Answering the Question with the Question
I read a bit of Keith Ward this morning, looking for some sophisticated theological arguments, since we keep being told there are some and we don’t respect them enough. Various thoughts occurred to me as I read. On pages 13-14 of God, Chance and Necessity, for instance, Ward says ‘The argument of this book, then, is that a theistic interpretation of evolution and of the findings of the natural sciences is by far the most reasonable…and that it is the postulate of God, with its corollary of purpose and value, that can best provide an explanation for why the universe is as it is.’
That’s just the introduction, not the argument itself, but all the same, it prompts me immediately to notice that the meaning even of that summary sentence depends heavily on what Ward means by ‘best’ and ‘explanation’. It strikes me that by ‘best’ he means ‘one I like best’ – one he finds comforting, familiar, unfrightening, nonalien.
And then, as always, it also strikes me how easy, and empty, that word ‘God’ is in that usage. You could say that about anything and everything; it’s just as explanatory, just as comfortable, and just as empty. You find a beautiful garden, a painting, a building, a statue; how do you explain this? ‘A genius.’ Okay – but which one; where; when; in what context; why; in short, tell us more. Just saying ‘a genius’ doesn’t say anything, because we already know that much; we want to know the details. The same applies to ‘God’ as the explanation for why the universe is as it is. What is ‘God’ there? The thing that caused the universe to be as it is. Well – we sort of know that something caused the universe to be as it is (unless we think it was uncaused, which is tricky), but what? Just saying ‘God’ amounts to the same thing as saying ‘don’t know’, except with all sorts of smuggled (and unwarranted) baggage. Theists claim the ‘God’ answer is explanatory but it isn’t because it argues backward, so it’s really just repeating the question – looky here, look at this, it’s special, so something special made it, and of course that something special=god, so there’s your explanation. No. Just pointing at an explanandum – where did this come from? – doesn’t provide its own answer. Of course ‘god’ is a better explanation in many senses of ‘better’ – it’s more appealing, more intuitive, more human-like – but it’s not better in the sense of being a real answer; it’s more of a disguised non-answer.

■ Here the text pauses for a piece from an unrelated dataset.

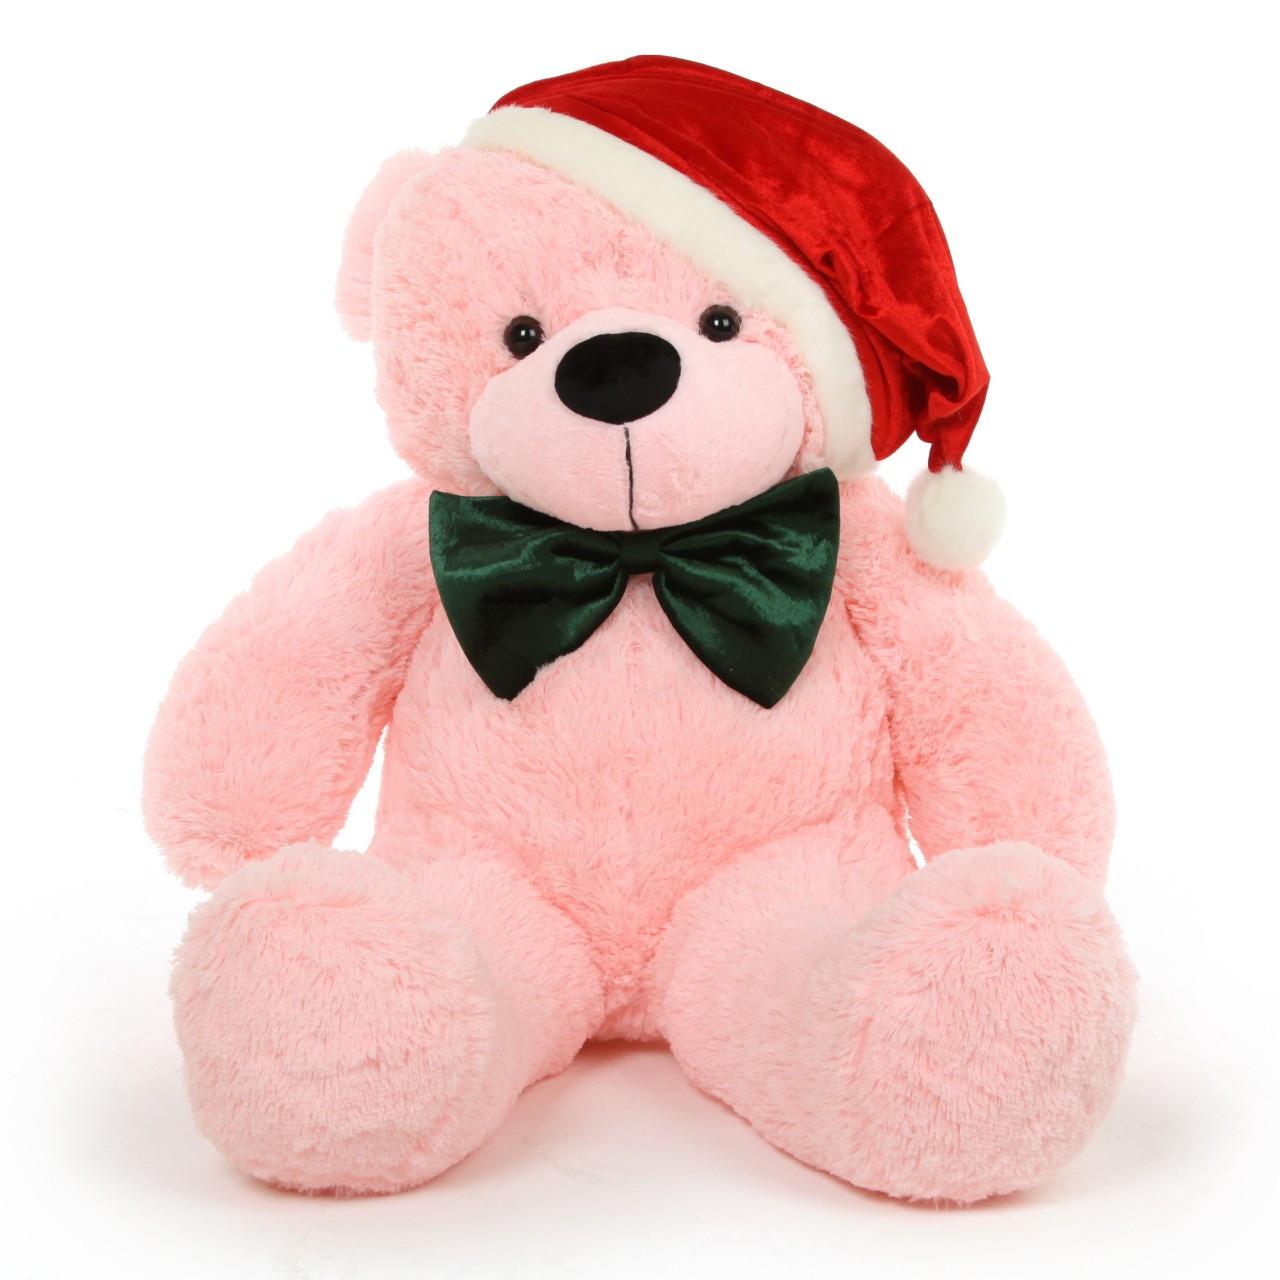 The most precious Christmas gift is a big bear hug from a Giant Teddy bear like Lady Christmas Cuddles!

And then – when there is no explanation, or no explanation that we can get at, yet and perhaps ever – then providing one by supplying a name – God, or A Q Genius – is not better than saying ‘don’t know’. So the argument is spurious. Saying that god is a better explanation for the universe than (say) naturalism plus don’t know, is absurdly deceptive. It reassuringly soothingly says yes there is an answer when in fact there may not be – we may just not know.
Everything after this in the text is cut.